**Data below**

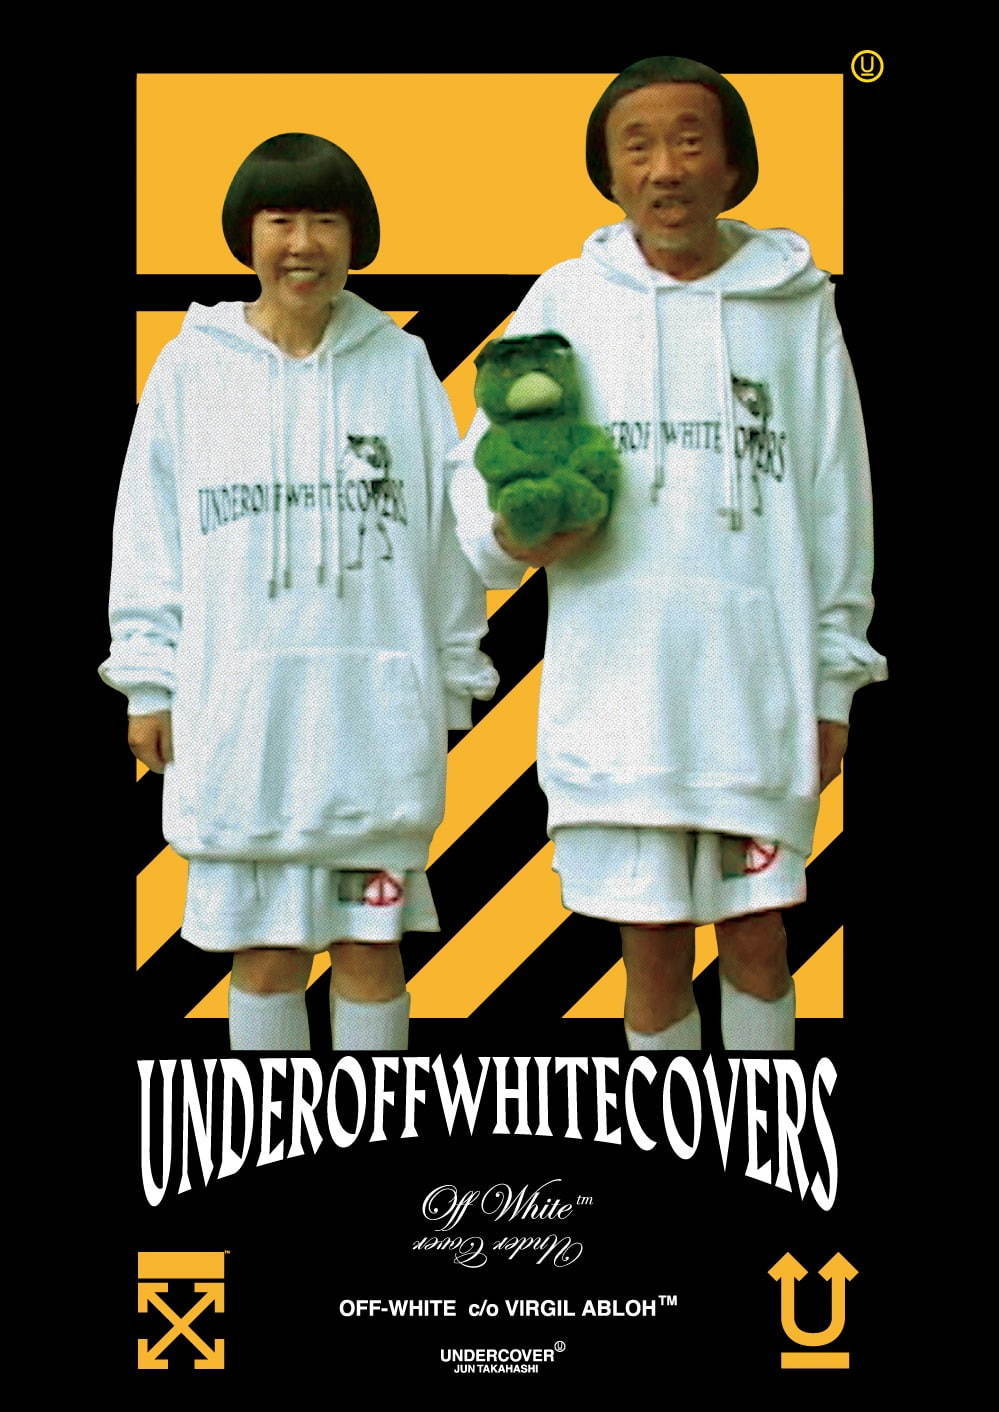 UNDERCOVER × OFF-WHITE 19AW コラボアイテムが9/14に国内発売予定 
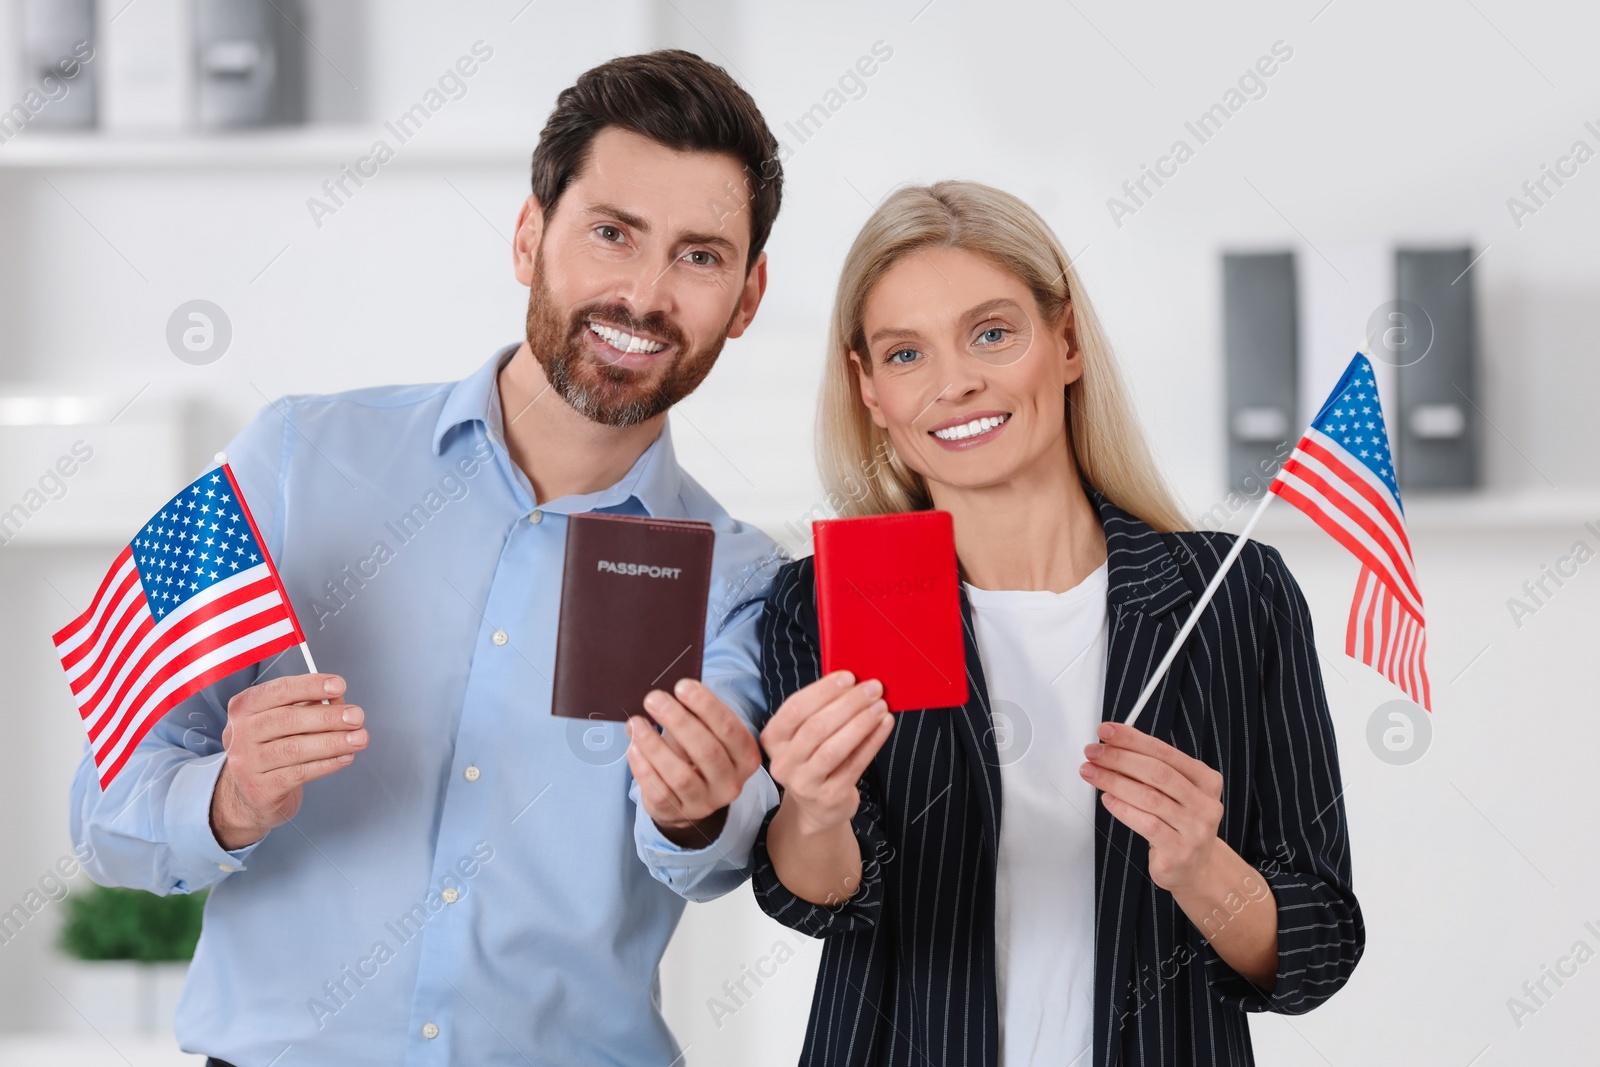 Photo of Immigration. Happy couple with passports and American flags indoors
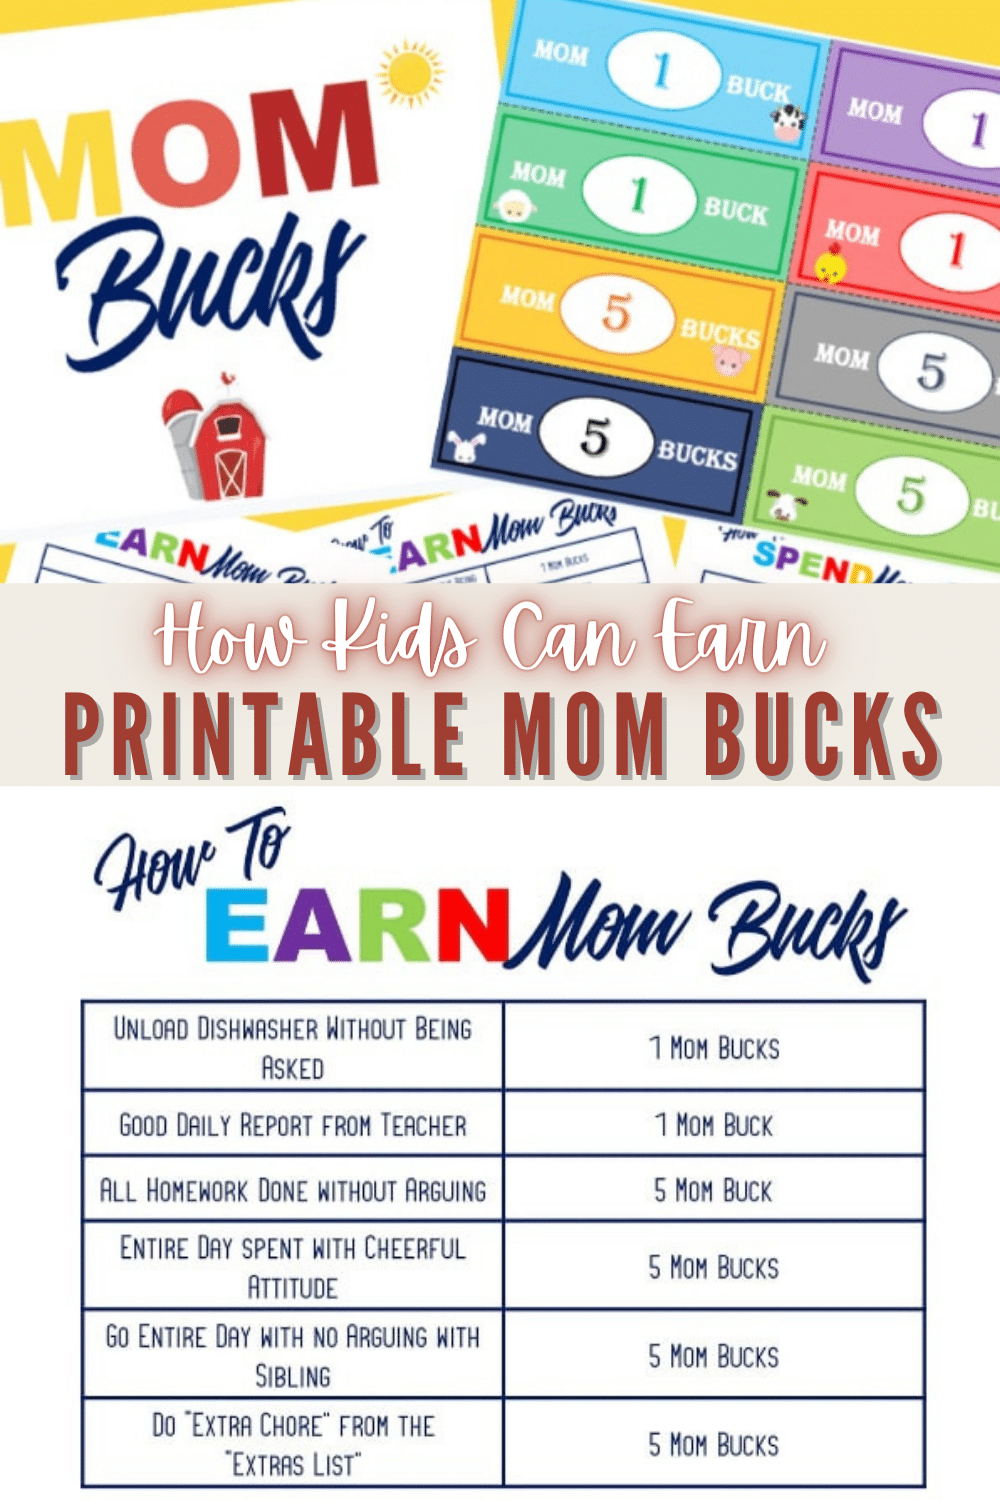 These printable mom bucks will help encourage your kids to complete tasks around the house so they can earn extra treats and time with mom! #printables #mombucks #parentinghack via @wondermomwannab
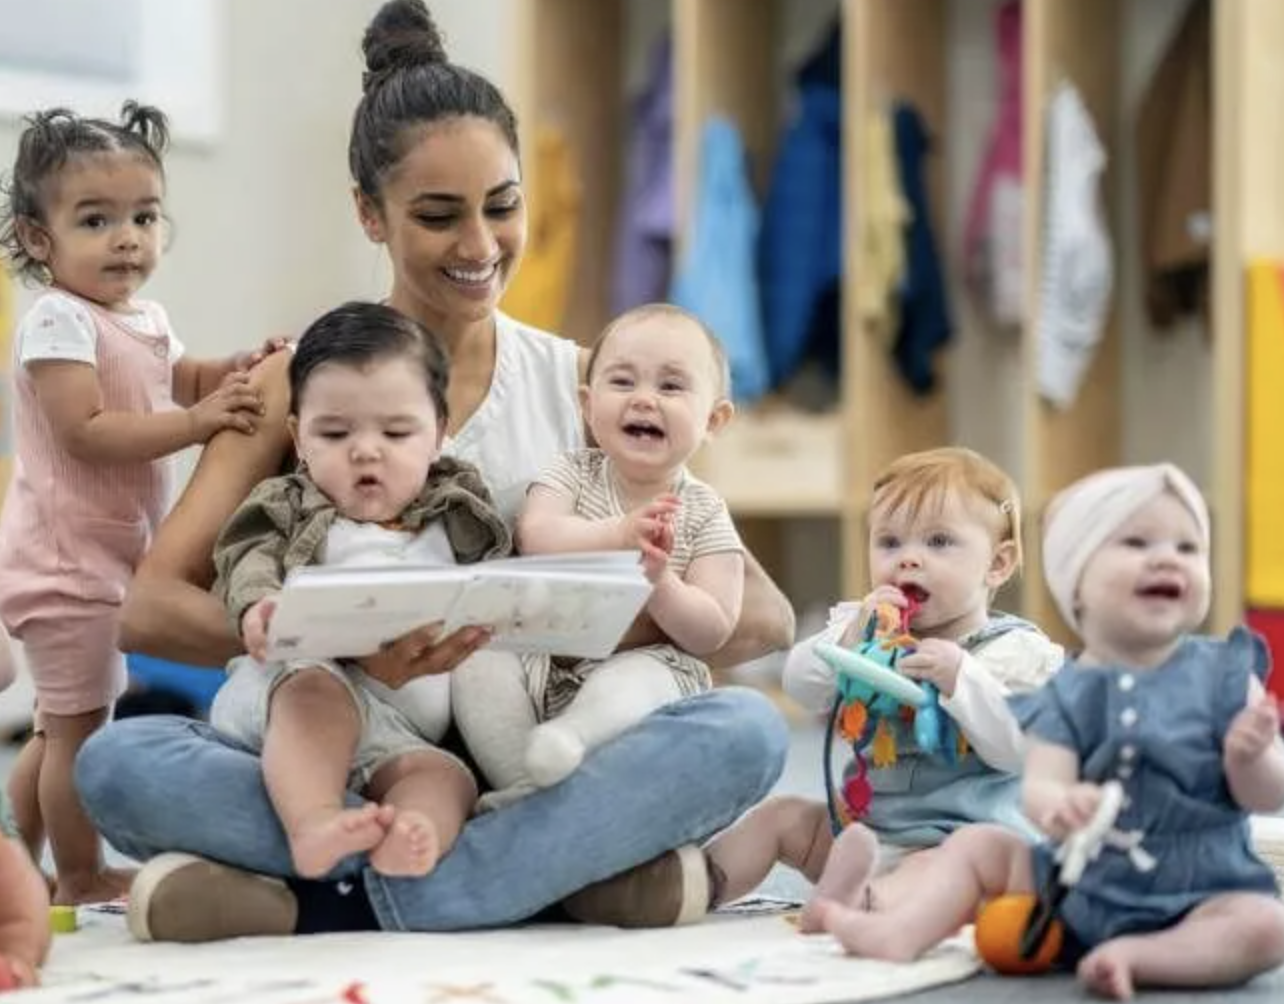 Childcare worker surrounded by babies while sitting on daycare facility floor.

**Exercise prompt**
Omit any images, then output the listing exactly.

**Task solution**
 UNDERCOVER × OFF-WHITE 19AW コラボアイテムが9/14に国内発売予定 
 Photo of Immigration. Happy couple with passports and American flags indoors
 These printable mom bucks will help encourage your kids to complete tasks around the house so they can earn extra treats and time with mom! #printables #mombucks #parentinghack via @wondermomwannab
 Childcare worker surrounded by babies while sitting on daycare facility floor.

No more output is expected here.